Wanneer het een samenvoeging van sbo's betreft zal naast de genoemde voorwaarden een
verzoek om goedkeuring worden getoetst aan de criteria over de instemming van de besturen
in de betrokken samenwerkingsverbanden en de bereikbaarheid van de zorgvoorzieningen.
In de voorlichtingspublicatie 'Criteria samenstelling samenwerkingsverbanden Weer
Samen naar School (WSNS)', Uitleg OCenW-Regelingen nr 12 van 23 april 1997, vindt u nadere informatie over deze criteria.
4. Faciliteiten bij samenvoeging van scholen voor (voortgezet) speciaal onderwijs
4.1. Inleiding
Dit hoofdstuk is van toepassing op scholen voor (voortgezet) speciaal onderwijs. Het
hoofdstuk is niet van toepassing op basisscholen en speciale scholen voor basisonderwijs,
al dan niet met een afdeling. Informatie over de formatie na samenvoeging voor deze
scholen en afdelingen vindt u in hoofdstuk 3 van deze regeling.
4.2. Begripsbepalingen
Hieronder wordt een verklaring gegeven van de in dit hoofdstuk gebruikte begrippen.
Formatiebesluit
het Formatiebesluit WEC.
Formatiebudget
het formatiebudget zoals genoemd in artikel 2, eerste lid, van het Formatiebesluit
WEC. Dit budget bestaat uit de volgende onderdelen:
· de formatie voor de vervulling van de reguliere taken (zie echter ook de opmerking
hieronder);
· de formatie voor speciale doeleinden;
· de groeiformatie;
· de aanvullende formatie, als bedoeld in artikel 117, derde of vierde lid van de
WEC.
Eventuele oalt-middelen behoren niet tot het formatiebudget en worden daarom buiten
beschouwing gelaten. De formatie voor de vervulling van de reguliere taken bestaat
uit de normatieve formatie, de frictie-opslag en de opslagen voor herbezetting adv.
Formatief aanwezige maximumschaal
de voor een normatieve functie geldende maximumschaal, waarbij niet van belang is
of het personeelslid dat die functie vervult reeds aanspraak maakt op bezoldiging
volgens het carrièrepatroon dat hoort bij die functie en maximumschaal.
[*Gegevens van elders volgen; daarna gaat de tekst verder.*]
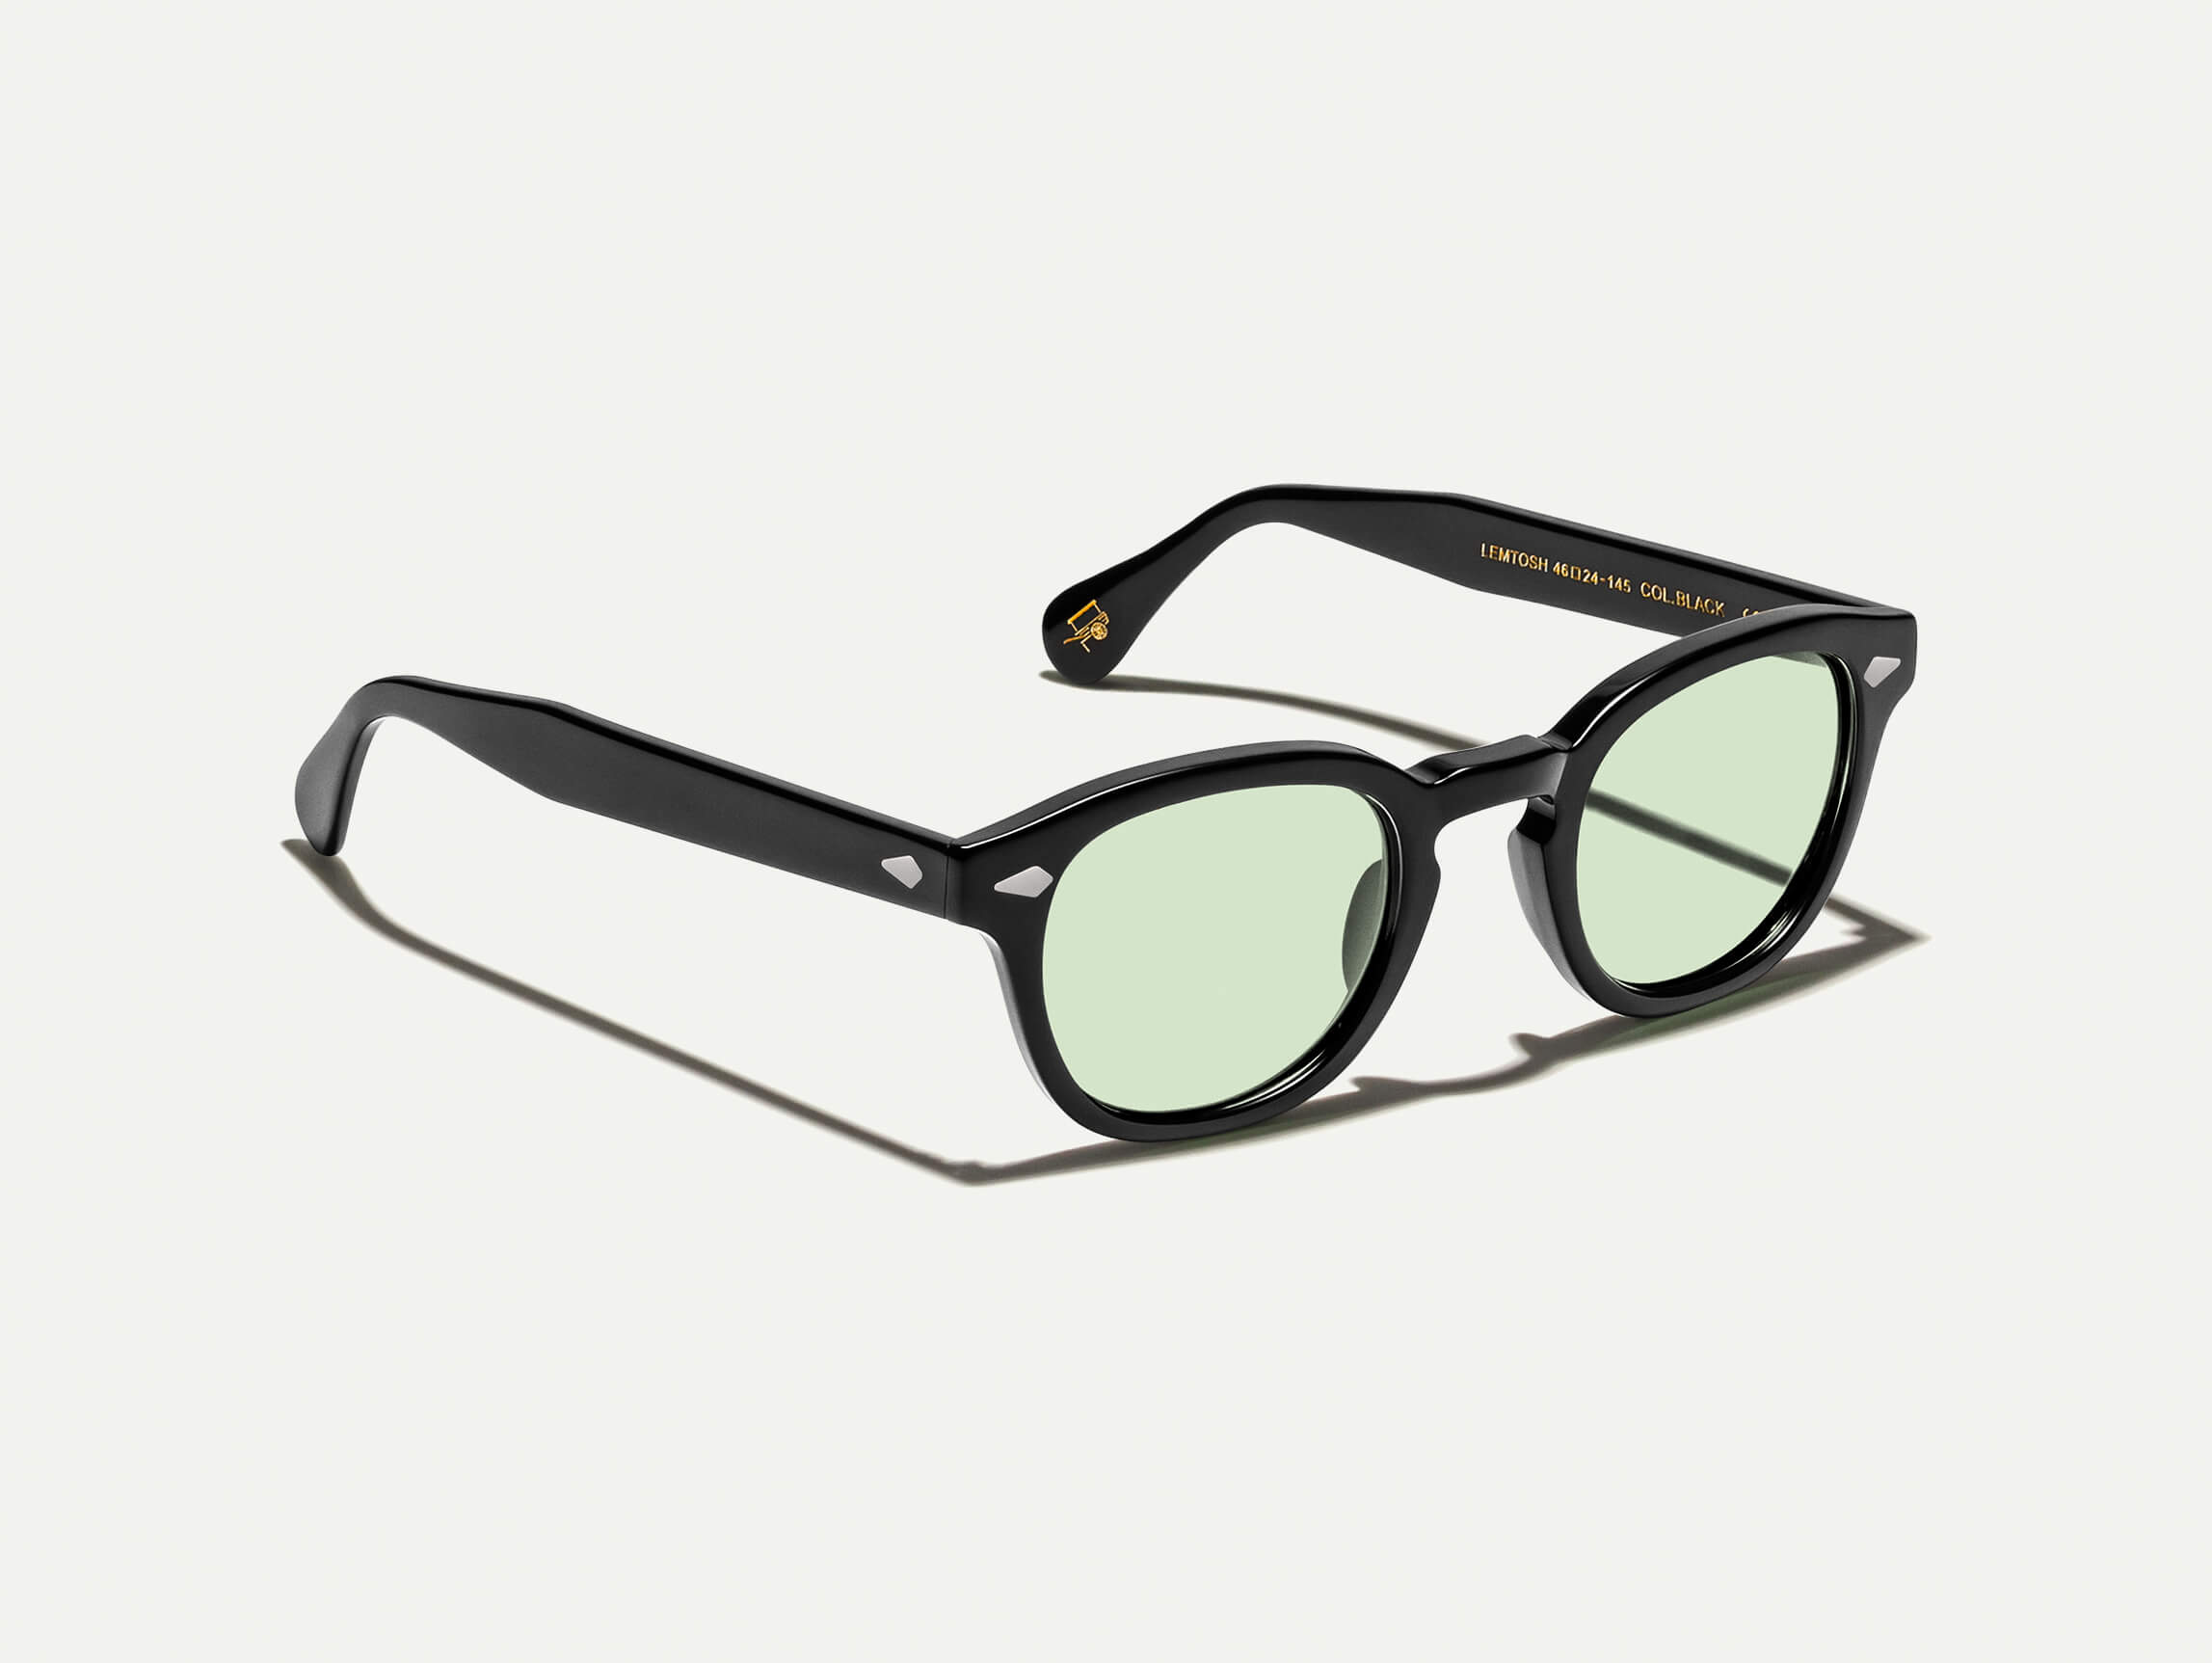 The LEMTOSH Black with Limelight Tinted Lenses

Fre's voor de schoolleiding
de fre's genoemd in artikel 16, derde tot en met vijfde lid, van het Formatiebesluit
WEC. Fre-verbruik
het verbruik van fre's voor een functie die voor rijksbekostiging in aanmerking wordt
gebracht (zie artikel I-P78 en I-Q305 van het RPBO voor het bij de verschillende functies
horende verbruik).
Normatieve directiefunctie
een normfunctie als bedoeld in hoofdstuk I-Q van het RPBO waarvan het fre-verbruik
gelijk is aan de fre's die voor die functie in het Formatiebesluit beschikbaar worden
gesteld.
Samenvoegingsdatum
de datum (1 augustus van enig schooljaar) waarop de samenvoeging plaats heeft gevonden.
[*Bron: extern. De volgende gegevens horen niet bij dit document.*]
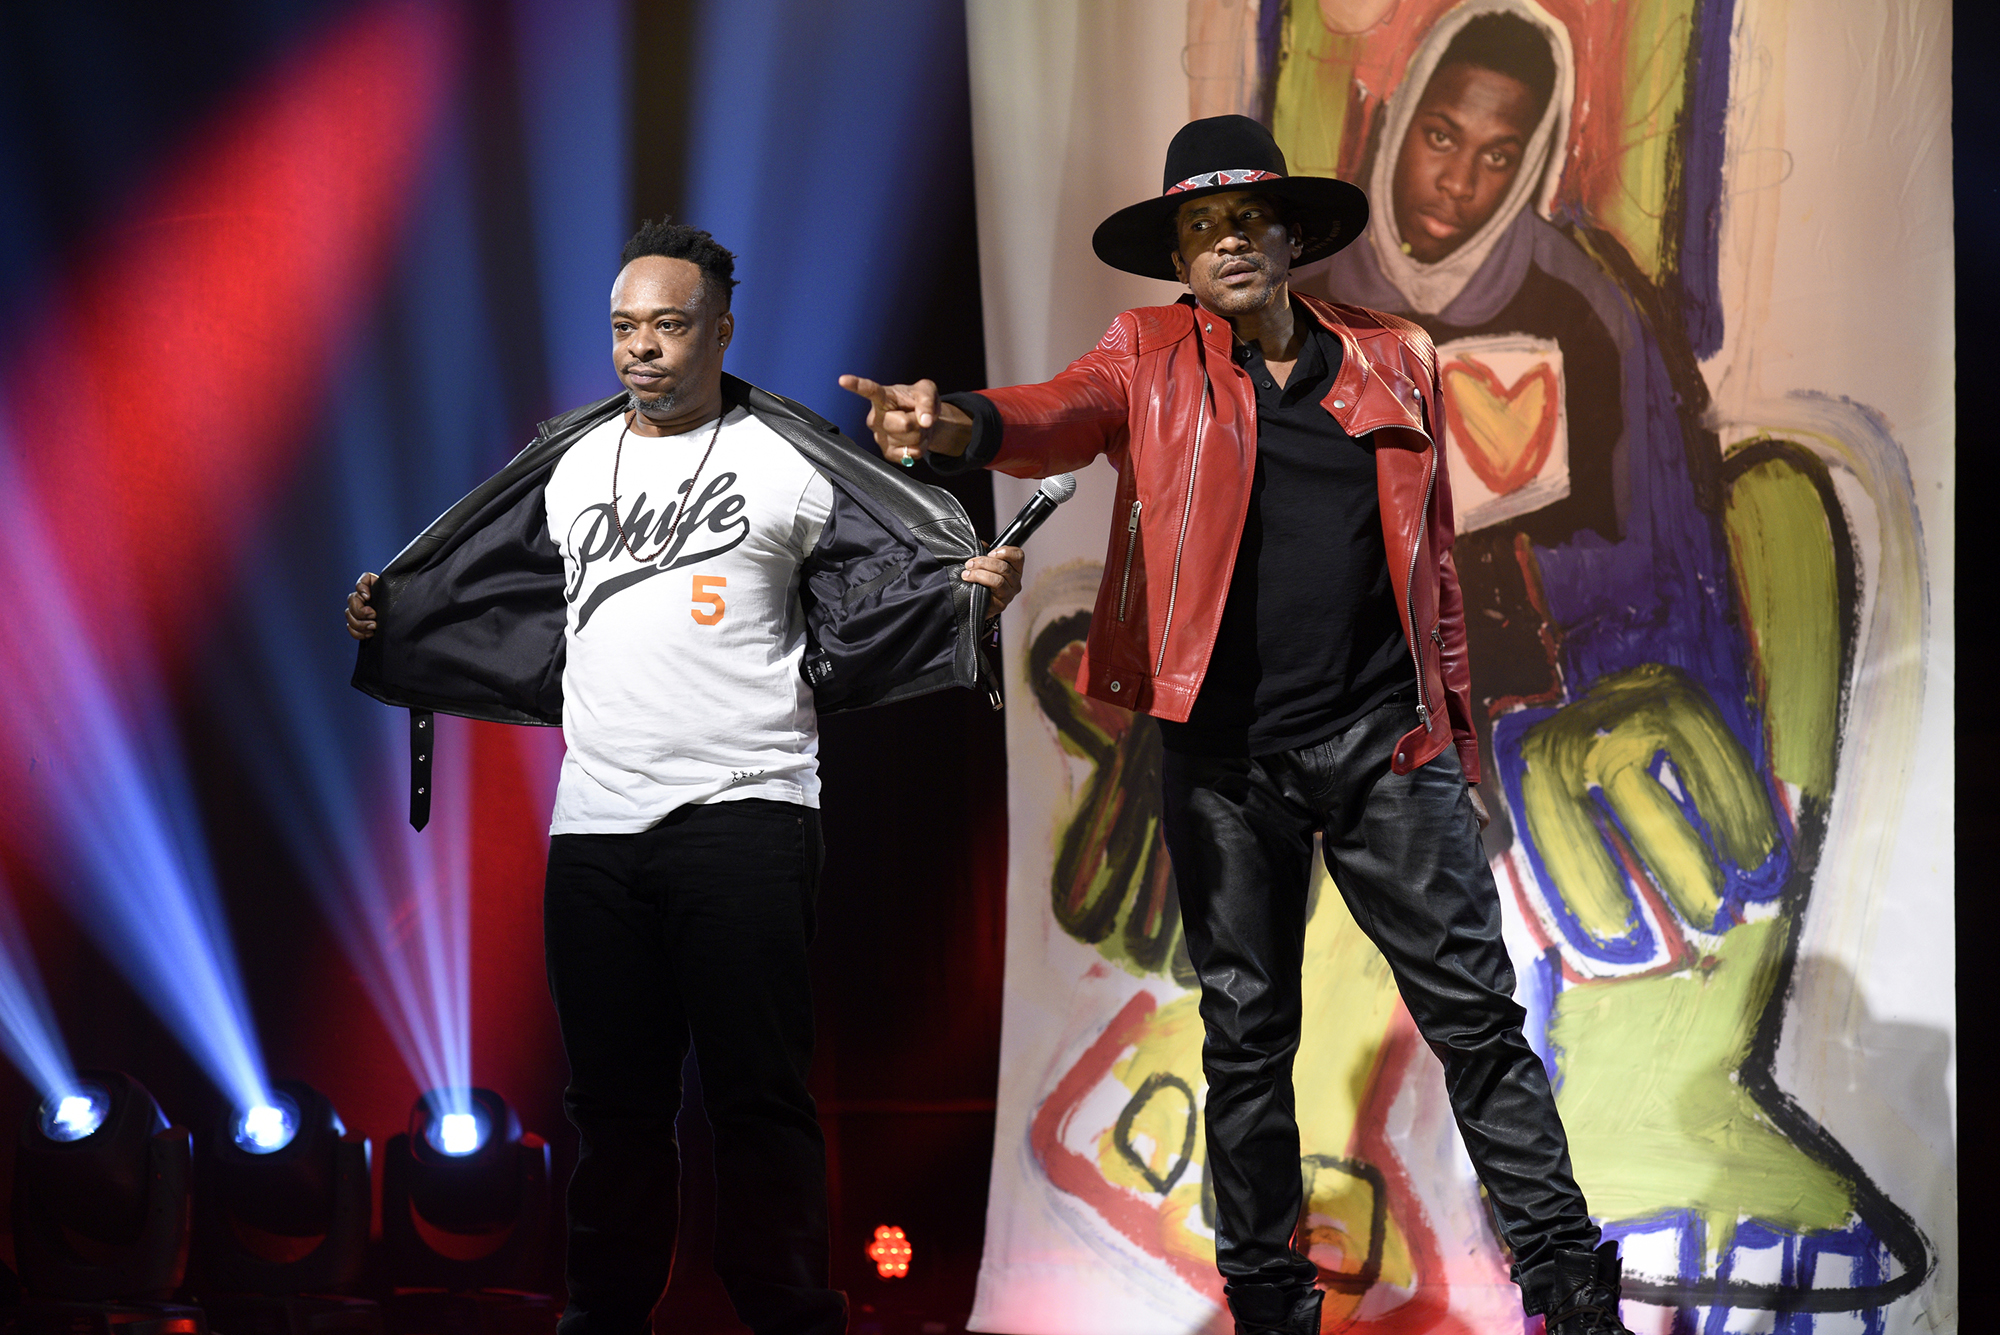 Jarobi White and Q-Tip of musical guest A Tribe Called Quest perform on November 12, 2016 -- (Photo by: Will Heath/NBC/NBCU Photo Bank via Getty Images) (NBC&mdash;NBCU Photo Bank via Getty Images)

4.3. Overgangsformatierekeneenheden in eerste schooljaar na samenvoeging
4.3.1. Berekening
In veel gevallen zal er een verschil zijn tussen:
1. het aantal formatierekeneenheden (hierna: fre's) dat met toepassing van het toepasselijke
formatiebesluit op 1 augustus beschikbaar is voor de school die na samenvoeging ontstaat,
en
2. het totaal aantal fre's dat aan de scholen die bij de samenvoeging betrokken zijn
gezamenlijk op de dag voorafgaande aan de samenvoeging (31 juli) beschikbaar was.
Als het aantal fre's ad 2 groter is dan het aantal ad 1, dan wordt het verschil gedurende
het eerste schooljaar na de samenvoeging in de vorm van overgangsfre's beschikbaar
gesteld aan de school die na samenvoeging ontstaat.
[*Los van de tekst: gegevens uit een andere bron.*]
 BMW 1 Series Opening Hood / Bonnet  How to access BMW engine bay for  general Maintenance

Bij de bepaling van de aantallen fre's ad 1 en ad 2 wordt uitsluitend gekeken naar
het formatiebudget zoals dat conform de begripsbepaling in paragraaf 4.2 is vastgesteld.
4.3.2. Vermindering tijdens schooljaar
Het vastgestelde aantal overgangsfre's wordt verminderd met extra formatie die na
de samenvoegingsdatum wordt toegekend. Deze vermindering vindt uiteraard pas plaats
met ingang van de dag waarop over deze extra formatie beschikt kan worden.
4.3.3. Uitzondering bij vaststelling/vermindering overgangsfre's
Bij de vaststelling van het aantal overgangsfre's op en na de samenvoegingsdatum blijft
formatie buiten beschouwing die niet onder het formatiebudget in de zin van deze regeling
valt, zoals:
'. toekenningen in geld zoals het schoolbudget voor personeels- en arbeidsmarktbeleid
en de GO- en vakbondsfaciliteiten;
· oalt-middelen;
· de middelen die worden toegekend in het kader van het gemeentelijke onderwijsachterstandenplan
(de gemeentelijke middelen als bedoeld in artikel 154 van de WEC).
Voor een goed begrip wordt erop gewezen dat onder laatstgenoemde middelen niet wordt
verstaan de formatie speciale doeleinden voor bestrijding van onderwijsachterstanden,
zoals die met ingang van 1 augustus 1998 in de plaats is gekomen van de cumi-formatie.
Deze formatie wordt ook na 1 augustus 1998 door het Rijk aan de scholen toegekend
en valt onder het formatiebudget in de zin van deze regeling.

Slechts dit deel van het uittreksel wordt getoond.